Start of DATASET EXCERPT

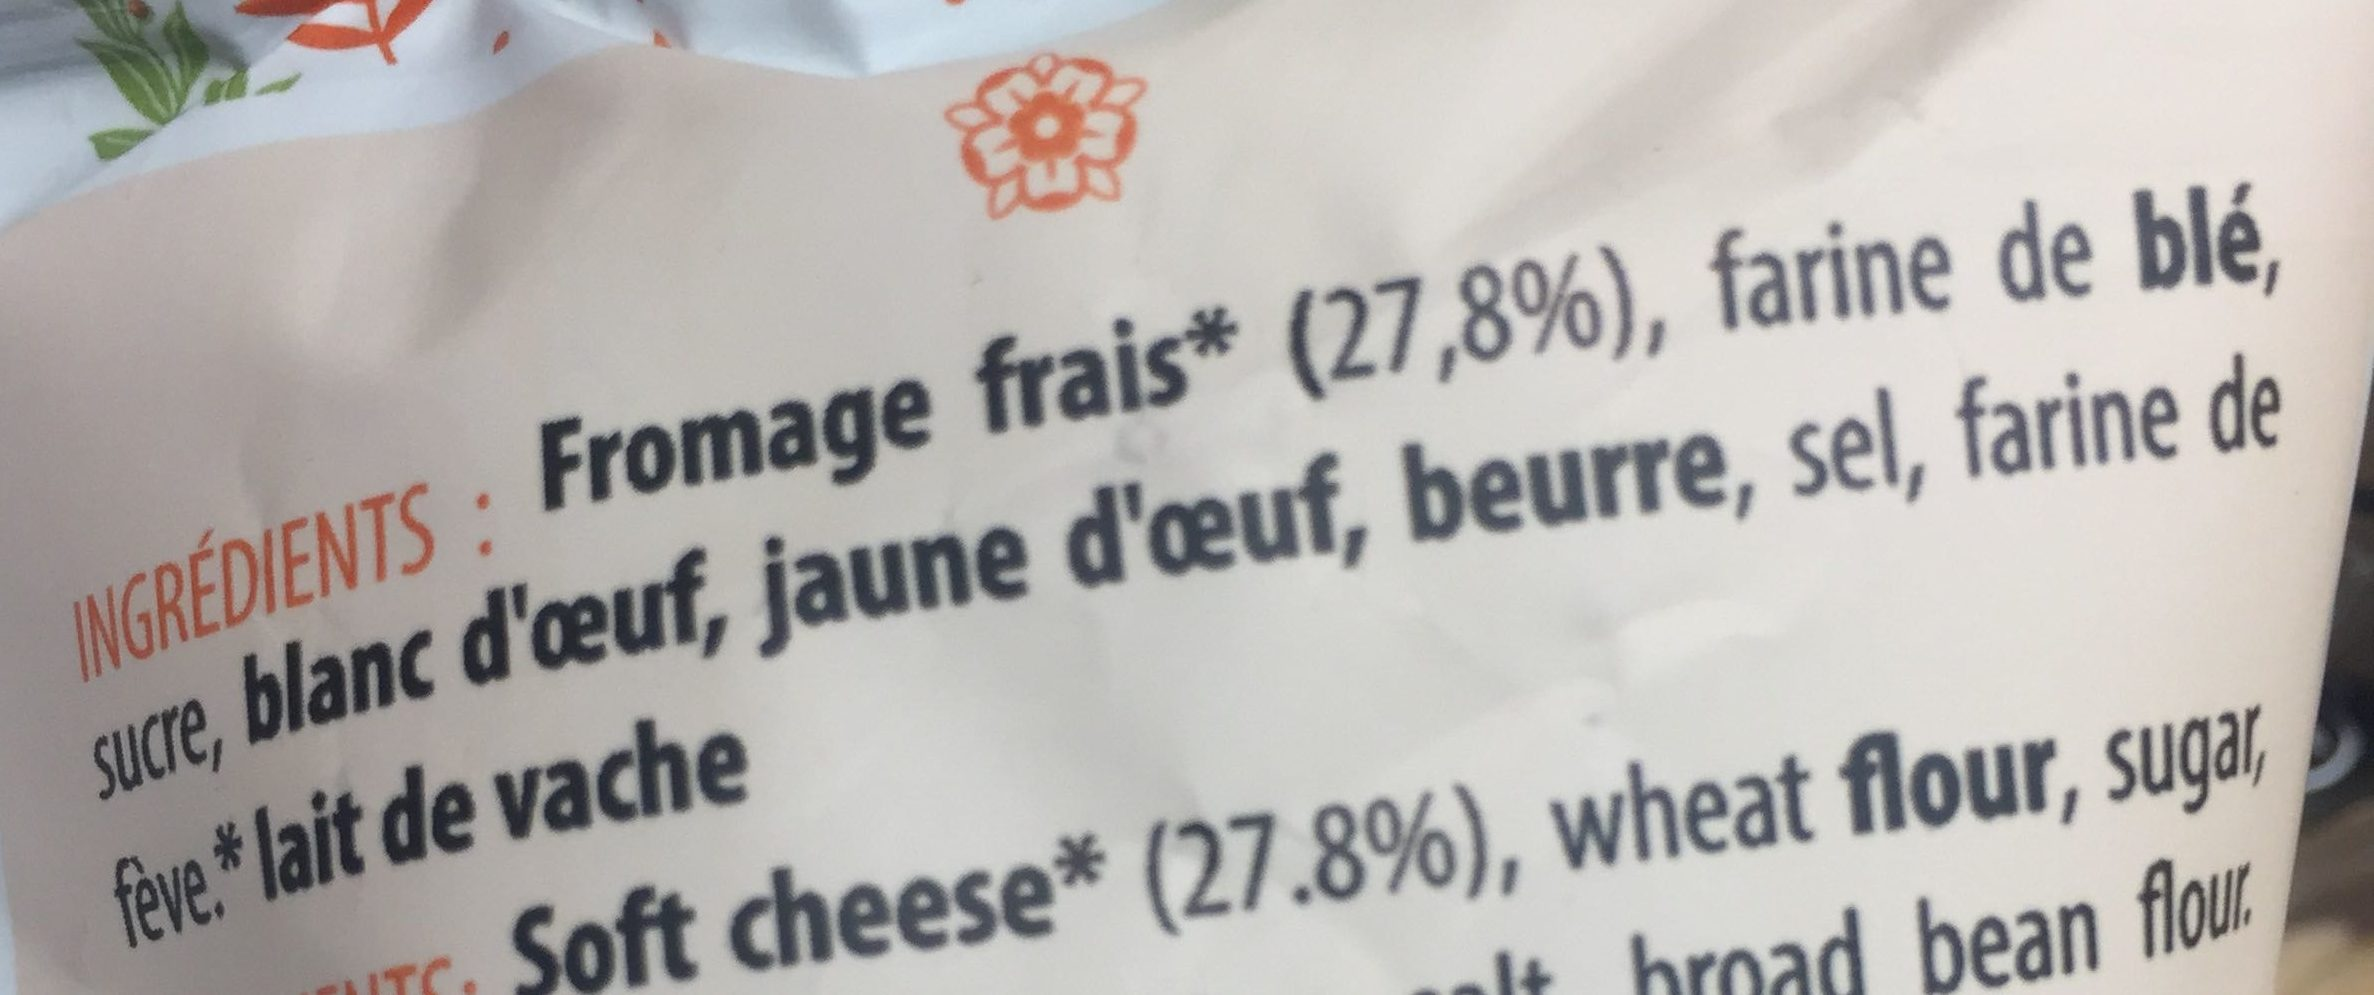 Le tourteau - Ingredients - fr
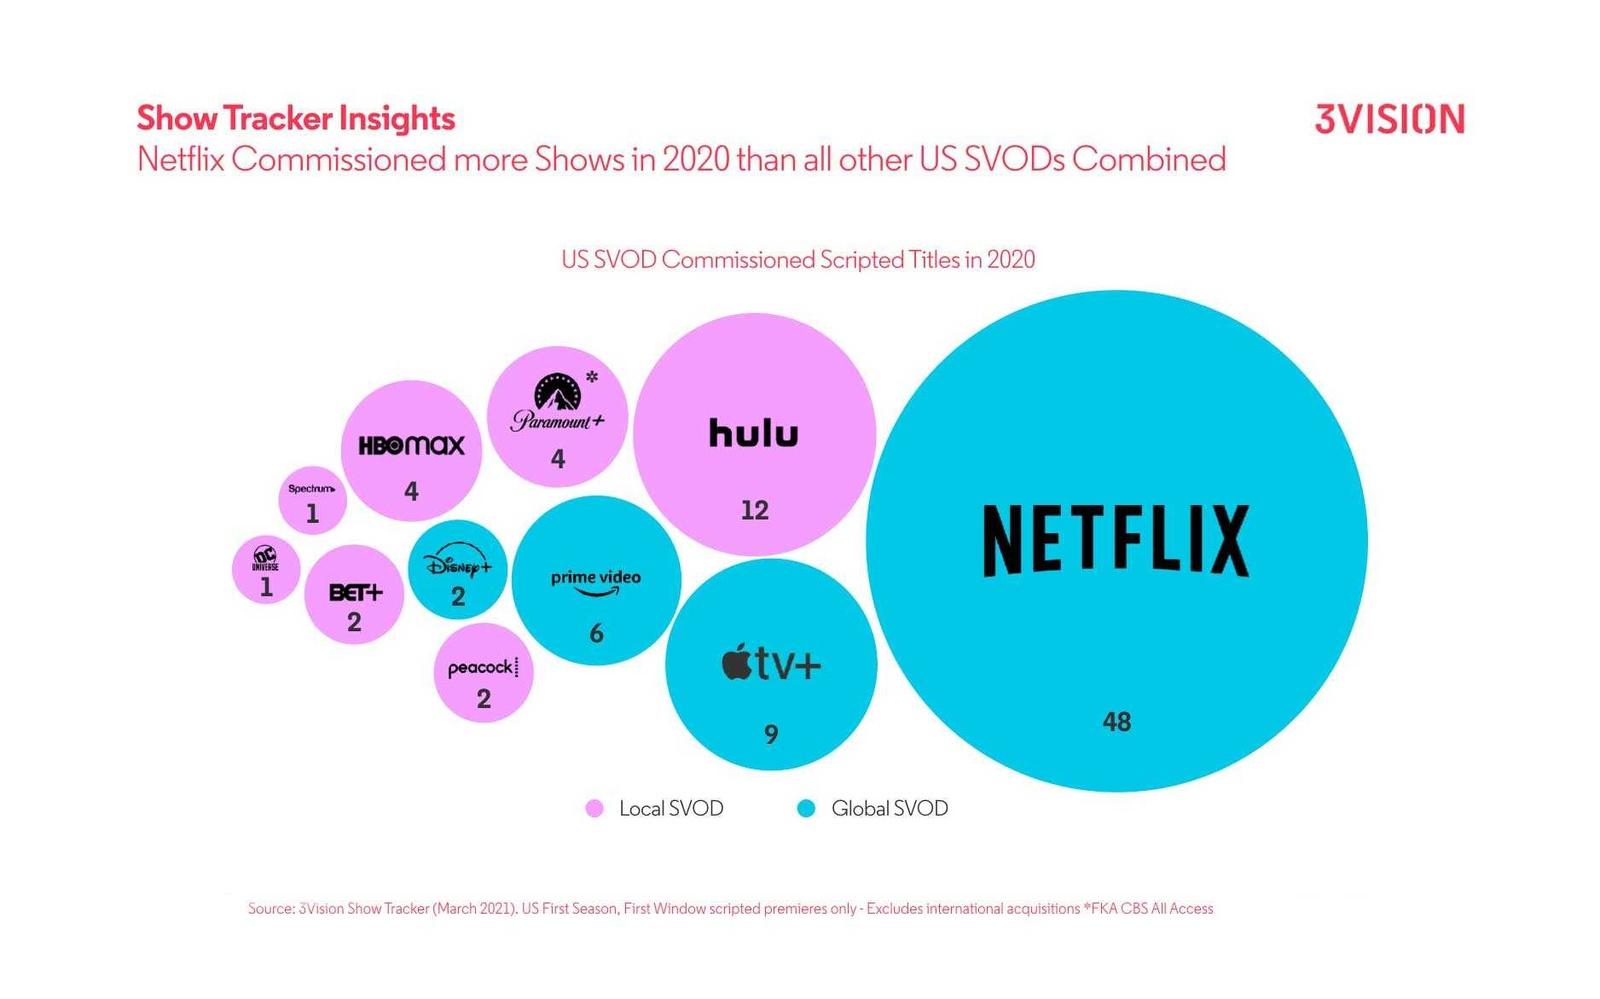 ST TV acquisitions
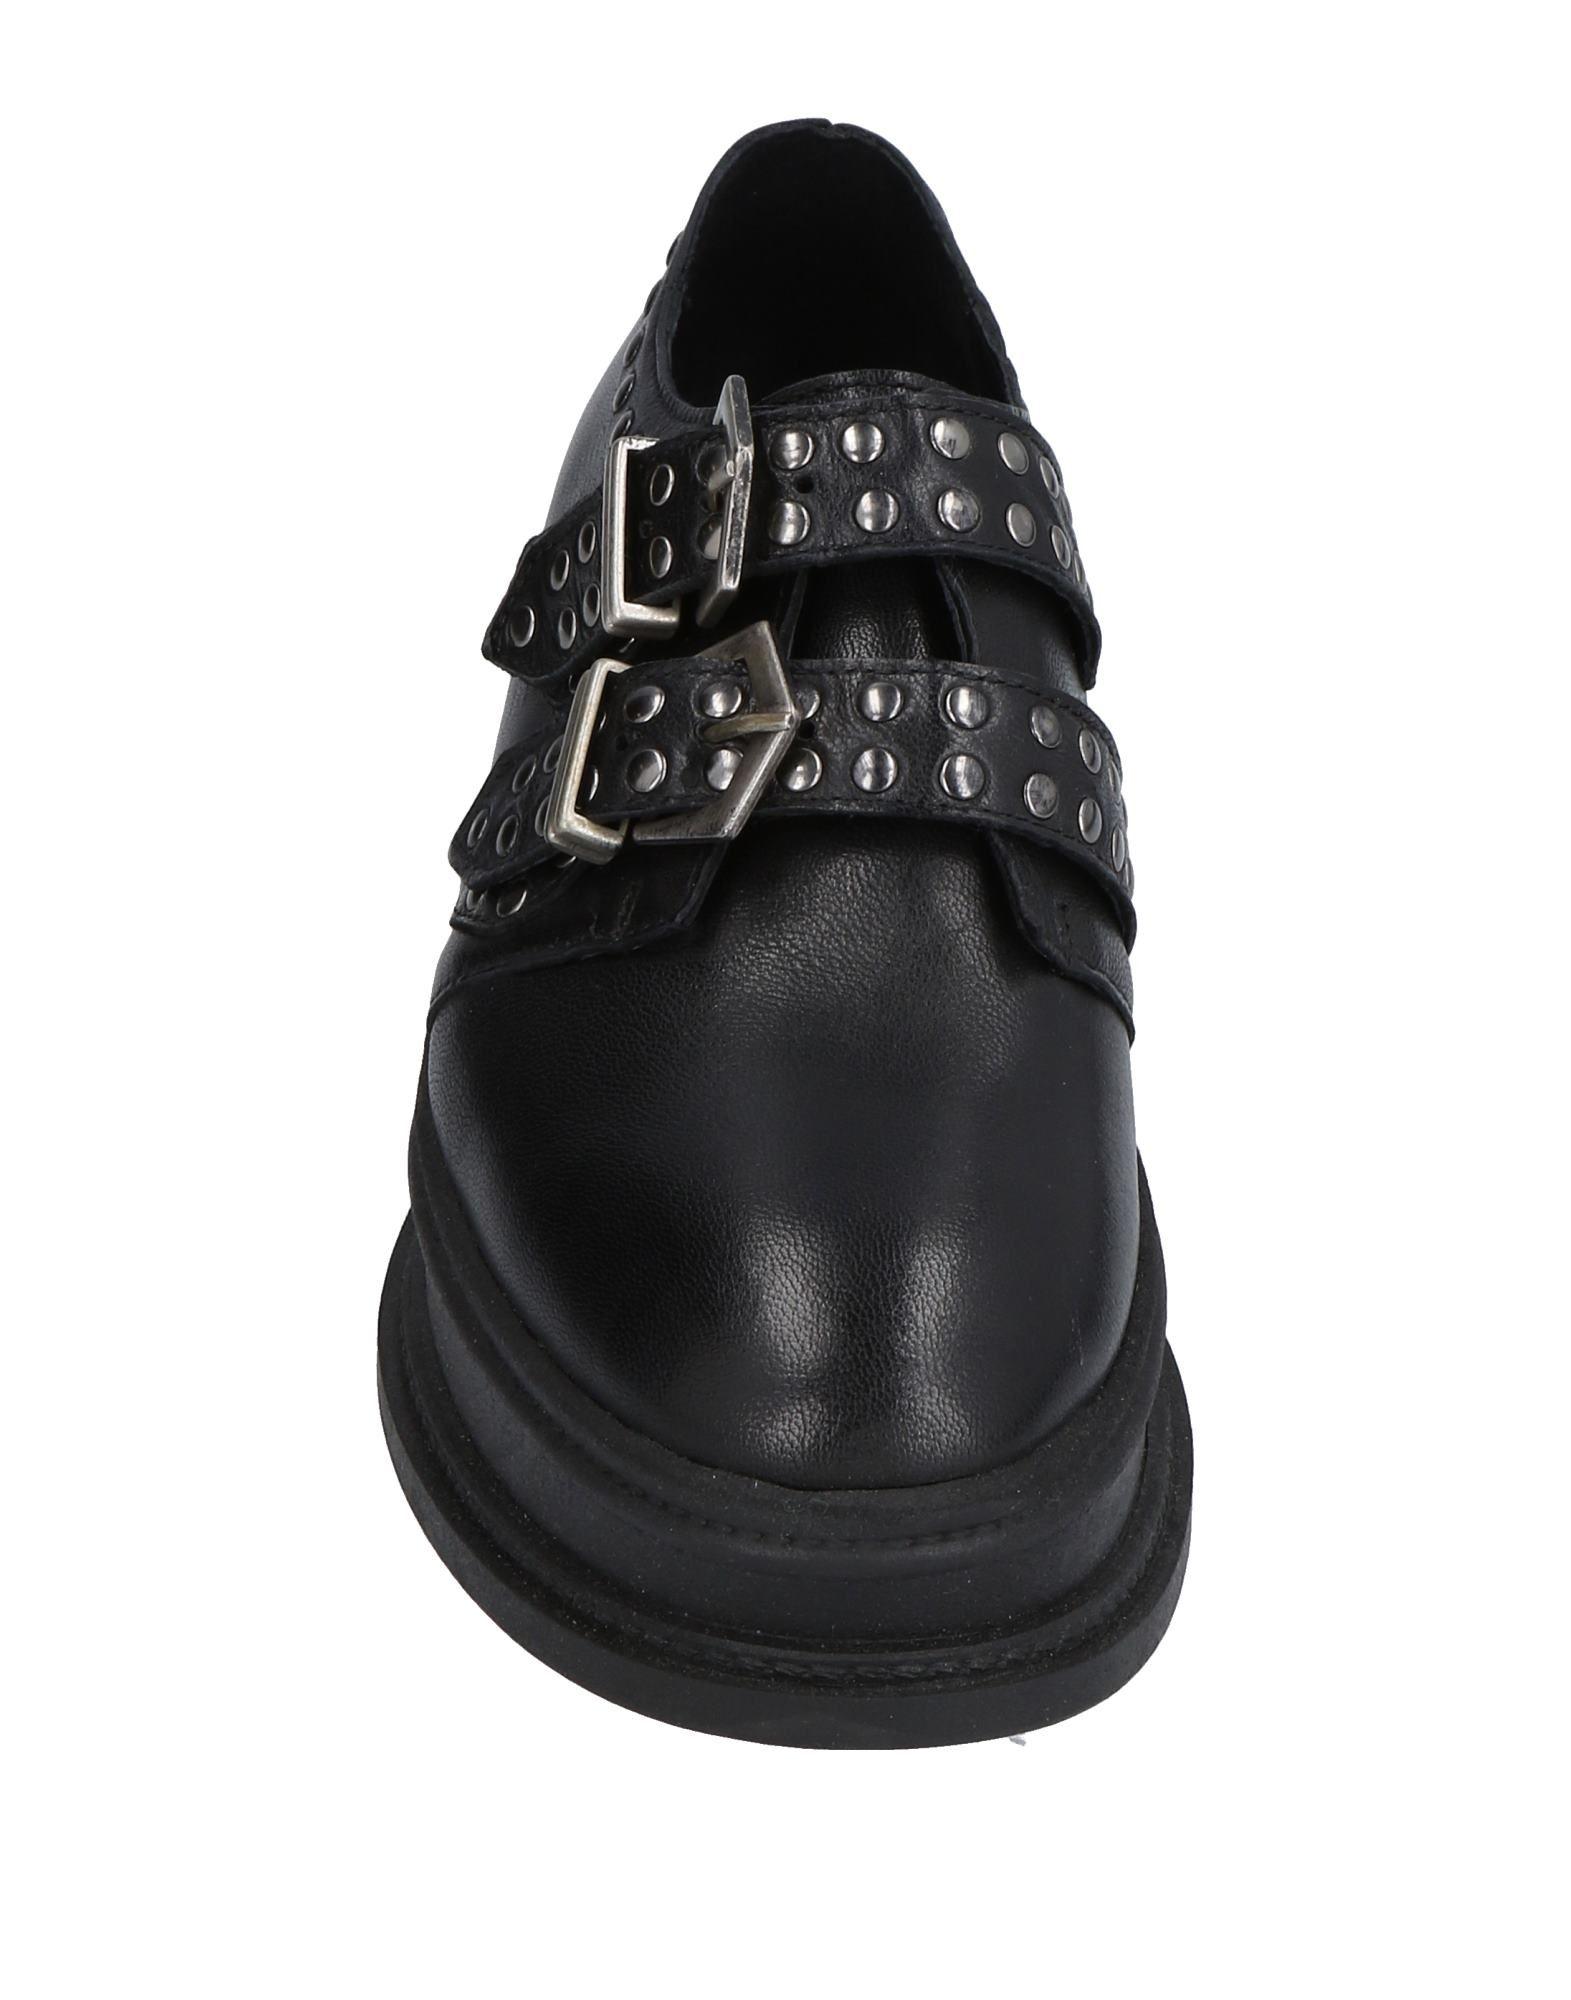 Unlace Mokassins Damen  11475051VT Gute Qualität beliebte Schuhe Schuhe Schuhe 3c0ba6

End of DATASET EXCERPT

> **WHAT IS BEING ASKED**:
Each line above is to be transcribed exactly, though its pictures are not.

> **RESULT OF THIS TASK**:
 Le tourteau - Ingredients - fr
 ST TV acquisitions
 Unlace Mokassins Damen  11475051VT Gute Qualität beliebte Schuhe Schuhe Schuhe 3c0ba6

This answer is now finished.